探求書――『和文漢読法』ほか



 日本で発行されていながら、日本で見ることのできない書籍、雑誌は少なくない。中国の研究者から、探索を催促されることがあるが、見つからない時は、お手上げなのである。『和文漢読法』がそのなかのひとつだ。

1 『和文漢読法』

 『和文漢読法』は、中国人が日本語書籍を読むための日本語入門書であるらしい。そのころ仮名がわからなかった梁啓超が、日本語のできた羅普とともに著述したというのだ*1。
 ある研究者は、該書はのちに「夏威夷遊記」と改題した、と書いている*2。意味がよくわからない。
 中国人のための日本語教科書を集めているのは、実藤文庫である。その目録を見ると、よく似た坪内雄蔵著、沙頌〓、張肇熊訳『和文漢訳読本』商務ママ書館印行(明治33(1900)年12月著、光緒二十七(1901)年九月訳)は、ある。しかし、梁啓超、羅普の『和文漢読法』は所蔵されていない。
 日本で編集出版された教科書関係の目録も見た。最後の手段で国会図書館にも問い合せてもらったが、「見当りませんでした」と回答があっただけだ。
 『和文漢読法』を探求している夏暁虹より、『清議報』第64冊(1900.11.22)に広告が載っていると複写をもらった。うたい文句に、数日で日本語の書籍が読めるようになる、という。また、清議報館が代理販売をする、ともあり『和文漢読法』は、確かに発行されていることがわかる。
 残念ながら、夏暁虹からの調査依頼にこたえることができないまま、現在にいたっている。もうしわけない。
 以下、梁啓超に関係する書籍、雑誌に言及しておく。

2 雑誌『新小説』

 研究者のなかで知らぬ人はいないくらいに有名な雑誌『新小説』である。梁啓超が、横浜において創刊した。今でこそ影印本が出版されていて本文を読むことができる。しかし、それ以前、日本で見ることができた原物は、創刊号と第7号の2冊にしかすぎなかった。では、現在はどうか。原物を所蔵する機関は、出現したのか。
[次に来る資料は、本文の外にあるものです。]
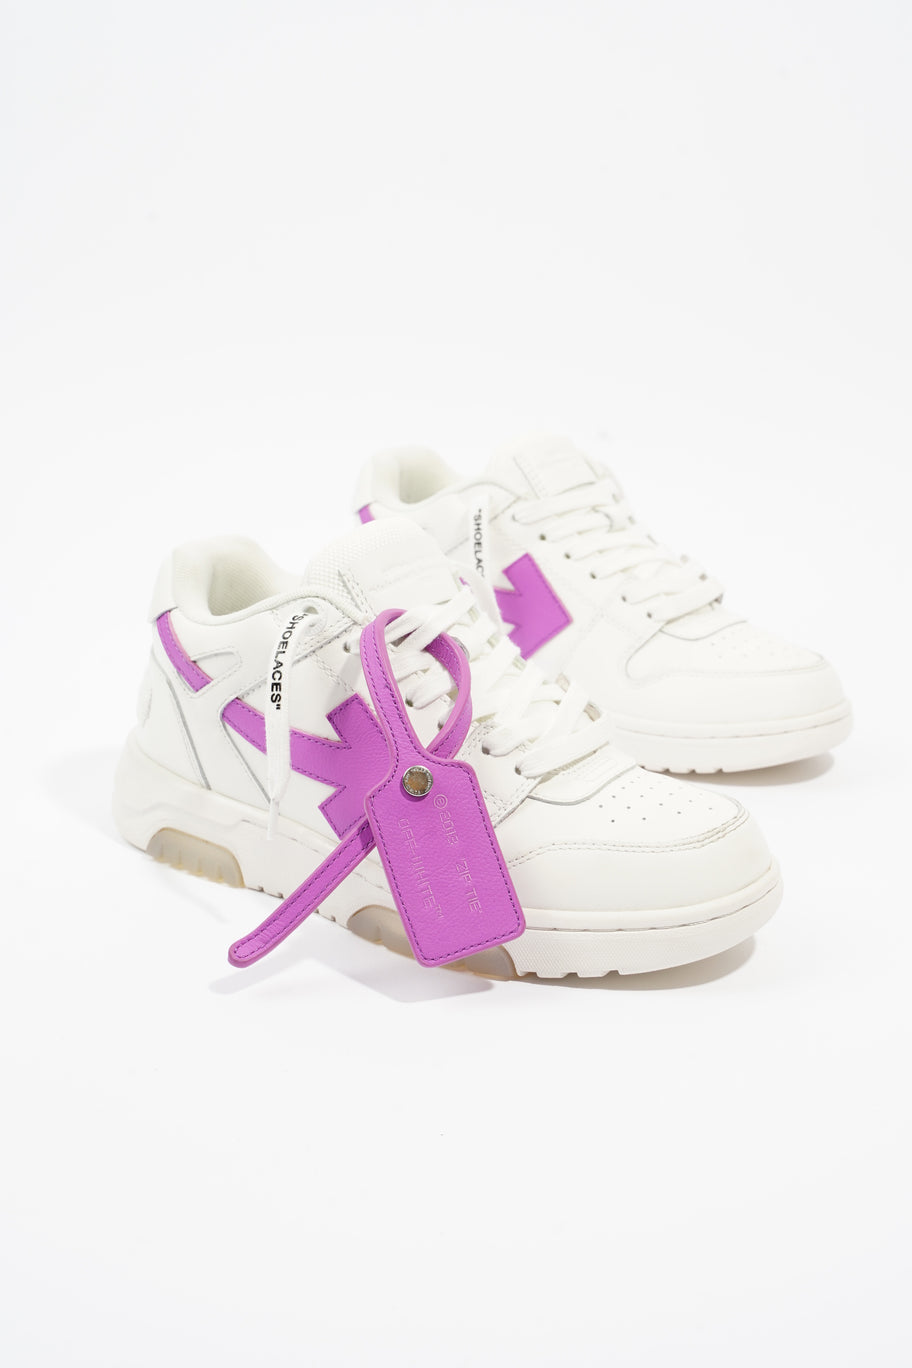 Out Of Office White / Pink Leather EU 37 UK 4 Image 2

否定せざるをえない。広告ページを削除してしまった不完全な影印本で当分の間、がまんしなければならないだろう。

3 『十五小豪傑』

 ヴェルヌの翻訳にも梁啓超がからんでくる。
 「十五小豪傑」は、『新民叢報』にはじめ連載され、のちに(法)焦士威爾奴原著、飲冰子(梁啓超)、披髪生(羅普)合訳、横浜・新民社1903というかたちで単行本になった。
 劉鉄雲「壬寅日記」(1902)に、劉鉄雲が『十五小豪傑』を読み、題簽を書いたことが記述されている。この題簽は、梁啓超が劉鉄雲に求めたものだ、いや、劉鉄雲が『新民叢報』に連載されていたものを自分で装丁するために書いたものだ、という論争があった*3。
 このような意見の違いは、横浜で出版された『十五小豪傑』の原物を見れば、すぐに解決できる。単行本に劉鉄雲の書いた題簽があれば、梁啓超が劉鉄雲に依頼したものであろう。なければ、劉鉄雲が自分のために書いたものだ。ところが、この原物も、手にすることができない。問題が提起されてから時間がたった、もう見つけただろう、と中国人研究者にいわれたことがある。見当らないのだから返事のしようがない。
 しめくくりは、秋瑾関係である。

4 雑誌『白話』

 秋瑾主編で留日学生が組織した演説練習会が発行した雑誌という。その創刊号は1904年9月24日に発行され、第3期までの目録が郭延礼編『秋瑾研究資料』(済南・山東教育出版社1987.2。692-695頁)に収録されている。該雑誌は、第6期まで発行されているから、所蔵されるとすれば日本しかありえない、と中国の研究者は、いうのだ。可能性としてはそうかもしれない。しかし、さがしても見つからないことがあるのは、常のことなのだ。
 この場を利用して、ひろく情報の提供を呼びかけたい。ご存知のかたはいませんか。ご教示をお願いします。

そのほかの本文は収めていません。